Invalid value for "vars" parameter: vars map does not contain key
"handover_jwt_public_key", referenced at
./cloudinit-control-plane.tftpl:371,9-32.
Fix:
- main.tf templatefile() now passes handover_jwt_public_key = var.handover_jwt_public_key
- provisioner.Request gains a HandoverJWTPublicKey field (json:"-",
server-stamped, never accepted from client JSON)
- handler.CreateDeployment stamps it from h.handoverSigner.PublicJWK()
when the signer is configured (CATALYST_HANDOVER_KEY_PATH set)
- writeTfvars emits the value into tofu.auto.tfvars.json
variables.tf default "" preserves the no-signer path: cloud-init writes
an empty handover-jwt-public.jwk and the new Sovereign is provisioned
without the handover-validation surface (handover flow simply not wired
on that Sovereign — degraded gracefully, not a hard failure).
Co-authored-by: hatiyildiz <hatiyildiz@openova.io>
* fix(api): cloud-init kubeconfig postback must live outside RequireSession
The PUT /api/v1/deployments/{id}/kubeconfig route was registered inside the
RequireSession-gated chi.Group, so every cloud-init postback was rejected
with HTTP 401 {"error":"unauthenticated"} before PutKubeconfig could run.
Cloud-init has no browser session cookie — it authenticates with the
SHA-256-hashed bearer token PutKubeconfig already verifies internally.
Result on otech23: Phase 0 finished (Hetzner CP + LB up), but every
cloud-init `curl --retry 60 -X PUT ... /kubeconfig` returned 401 unauth.
catalyst-api never received the kubeconfig, Phase 1 helmwatch never
started, the wizard's Jobs page stayed in PENDING forever.
Fix: register the PUT outside the auth group so cloud-init's
bearer-hash auth path is the only gate.

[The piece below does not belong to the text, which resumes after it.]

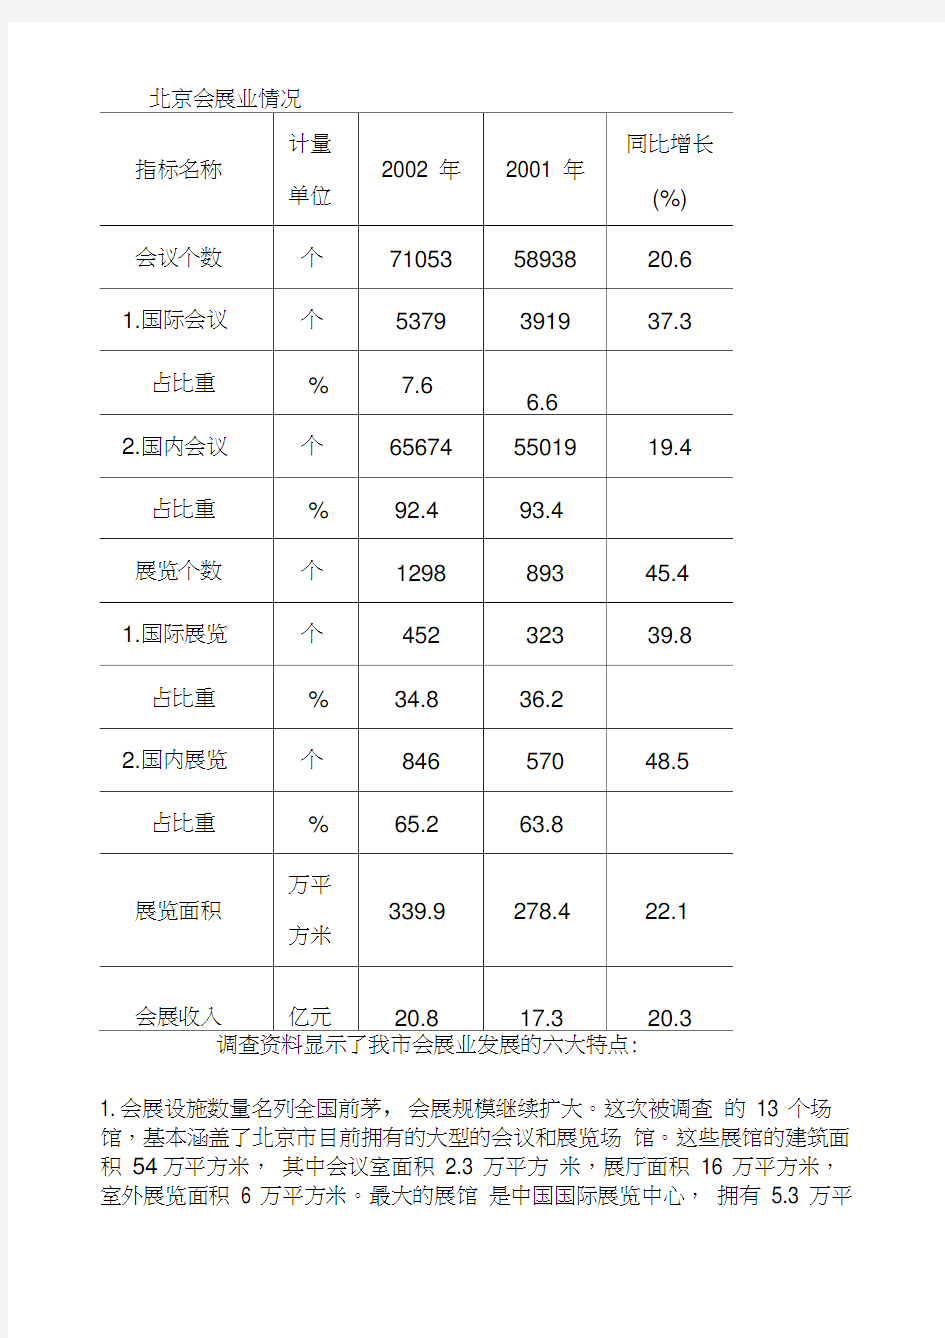 北京市会展业发展统计报告

The matching GET stays inside
session auth — the operator's "Download kubeconfig" button needs the
session cookie.
Caught live during otech23 first end-to-end provisioning. Per the
new "punish-back-to-zero" rule, otech23 was wiped (Hetzner + PDM +
PowerDNS + on-disk state) and the next provision will use otech24.
Co-authored-by: hatiyildiz <hatiyildiz@openova.io>
* fix(catalyst-api): wire harbor_robot_token through to tofu — never pull from docker.io
PR #557 added the registries.yaml mirror in cloudinit-control-plane.tftpl
and declared var.harbor_robot_token in infra/hetzner/variables.tf with a
default of "". The catalyst-api side never set it, so every Sovereign so
far provisioned with an empty token in registries.yaml — containerd's
auth to harbor.openova.io's proxy projects failed silently and pulls
fell through to docker.io. On a fresh Hetzner IP, Docker Hub returns
rate-limit HTML and:
Failed to pull image "rancher/mirrored-pause:3.6":
unexpected media type text/html for sha256:...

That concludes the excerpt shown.